Al-Dschasira über Militärdokumente: Späte Genugtuung

Irakische Besatzungesgegner begrüßen die Aufmerksamkeit der westlichen Medien. Doch die Regierung von Nuri al-Maliki gerät wegen ihrer Verwicklungen in Erklärungsnot.

Schockiert dürften viele Iraker über die von Wikileaks veröffentlichten Dokumente nicht sein. Bild: dpa

KAIRO taz | Neue Hinweise über die Zahl der getöteten Zivilisten im Irakkrieg, Indizien für die Verwicklung des irakischen Premiers Nuri al-Maliki in die Operationen von Todesschwadronen und Folter in Gefängnissen, Beweise für die iranische Einflussnahme im Irak und über die Verbrechen privater Sicherheitsdienste wie Blackwater - die Veröffentlichung der einst klassifizierten US-Militärdokumente seitens der Internetplattform Wikileaks ist der Stoff für arabische Sondersendungen.

Vor allem der arabische Fernsehsender al-Dschasira überschlägt sich seit dem Wochenende mit Kurzdokumentationen und Interviews zu den Wikileaks-Dokumenten."Das bedeutet uns viel. Die irakischen Aufständischen gegen die Besatzung haben diese Dinge immer wieder dokumentiert, aber wir wurden nie von den großen westlichen Medien ernstgenommen, jetzt, mit der Veröffentlichung der US-Dokumente, zeigt sich für alle, dass wir die ganze Zeit recht hatten", sagt dort etwa Muthanna Harith al-Dari von der Vereinigung Muslimischer Rechtsgelehrter im Irak", die den Aufständischen nahestand.

So stellt das Ganze für viele, vor allem sunnitische Iraker, die die Aufständischen unterstützt hatten, weniger eine Überraschung, als vielmehr eine späte Genugtuung dar. Dennoch sind die veröffentlichten Dokumente eine innenpolitische Zeitbombe. Seit den Wahlen im März haben es die irakischen Politiker nicht geschafft, eine Regierung zu bilden. Das Land ist polarisiert zwischen dem bisherigen Ministerpräsidenten al-Maliki mit seiner Koalition religiöser schiitischer Parteien und dem säkularen Irakia-Block Ajad Alawis, der auch die Unterstützung der Mehrheit der Sunniten genießt. Vor allem nachdem al-Maliki den Prediger Muktada Sadr und dessen Anhänger auf seine Seite gezogen hat, steht er bei der Regierungsbildung in der Pole-Position.

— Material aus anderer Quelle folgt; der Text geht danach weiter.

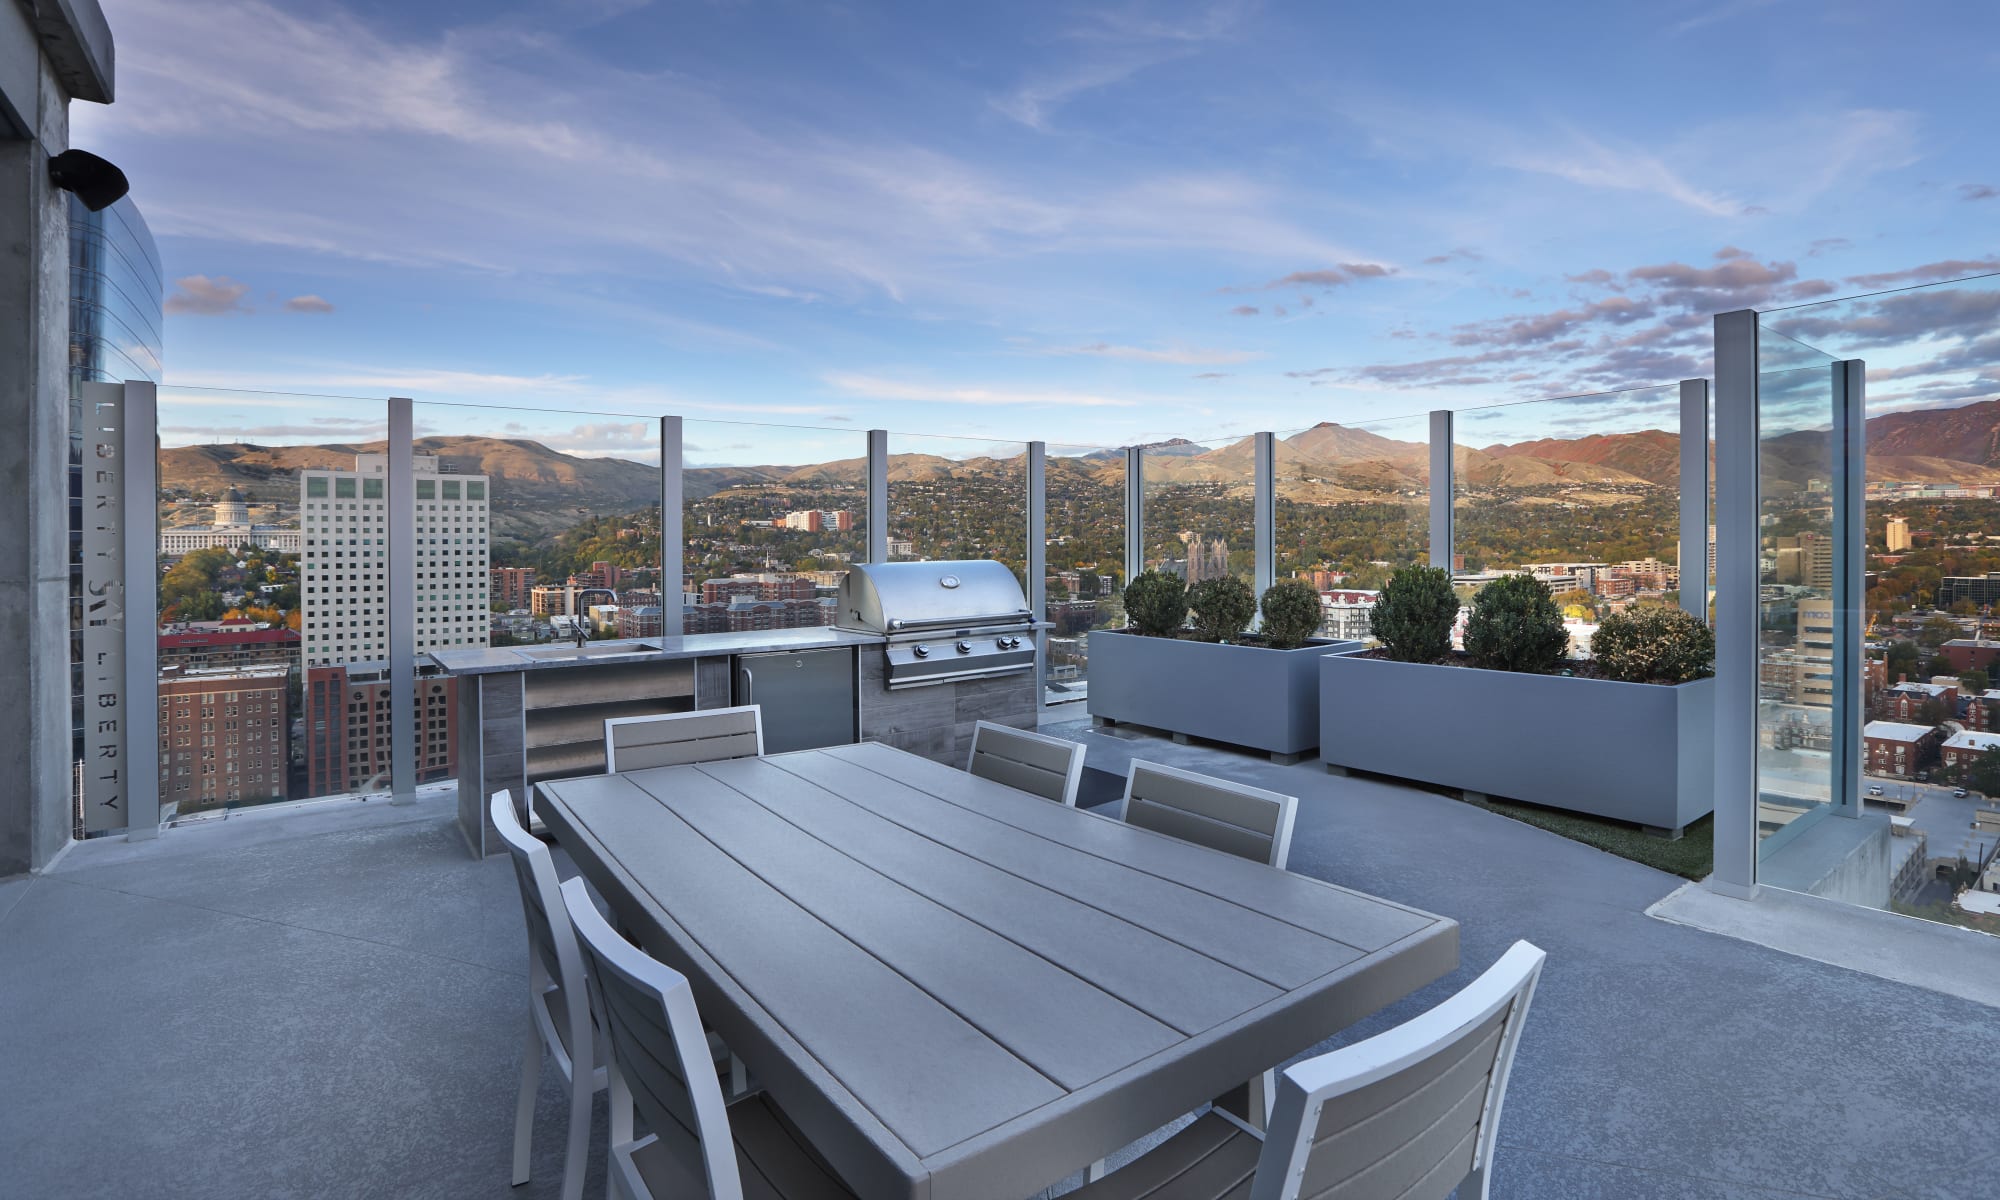 Liberty Sky, tower of luxury apartments, is opening in Salt Lake City

Doch mit den Wikileaks-Veröffentlichungen versuchen seine Rivalen, dies als Beleg zu präsentieren, dass er sich nicht als Regierungschef eignet. Im Zentrum steht die Frage, ob und wie sehr al-Maliki in die Ermordung und Folter mutmaßlicher sunnitischer Aufständischer seitens schiitischer Milizen verwickelt war. Al-Malikis Büro gab eine Erklärung heraus, in der es heißt, dass die Wikileaks-Dokumente kein Beweis seien, dass die Folter in seiner Amtszeit seit Mai 2006 geschehen sei. Zuvor hatte allerdings einer seiner Sprecher zugegeben, dass es Menschenrechtsverletzungen gegeben habe, die aber nicht die offizielle Politik widergespiegelt hätten und bestraft worden seien. Es ist allerdings kein einziger Fall bekannt, in dem dies damals geschehen ist.

Alawis Lager dagegen versucht die Idee einer Regierung der Nationalen Einheit voranzutreiben. Die Dokumente zeigten, wie wichtig ein System der Machtteilung sei. "Die Tatsache, dass alle Macht der Sicherheitsapparate bei einer Person zusammenlaufen, hat zu diesen Misshandlungen und zur Folter in den irakischen Gefängnissen geführt", sagte die Sprecherin des Irakia-Blocks, Majsun al-Damludschi. "Al-Maliki will weiterhin alle Macht in seinen Händen vereinen", fügt sie hinzu.

Wenn nicht al-Maliki selbst, sind zumindest Mitglieder seiner Koalition in die Foltervorwürfe verwickelt. Sowohl die Vertreter der einstigen schiitischen Badr-Milizen, als auch die Mahdi-Armee Muktada Sadrs zählen zu seinen Verbündeten. Die meisten der Folterungen und Exekutionen in den irakischen Gefängnissen gehen auf den Sommer 2005 zurück, als das Innenministerium und die Gefängnisverwaltung von Badr-Milizen und der Mahdi-Armee unterwandert war.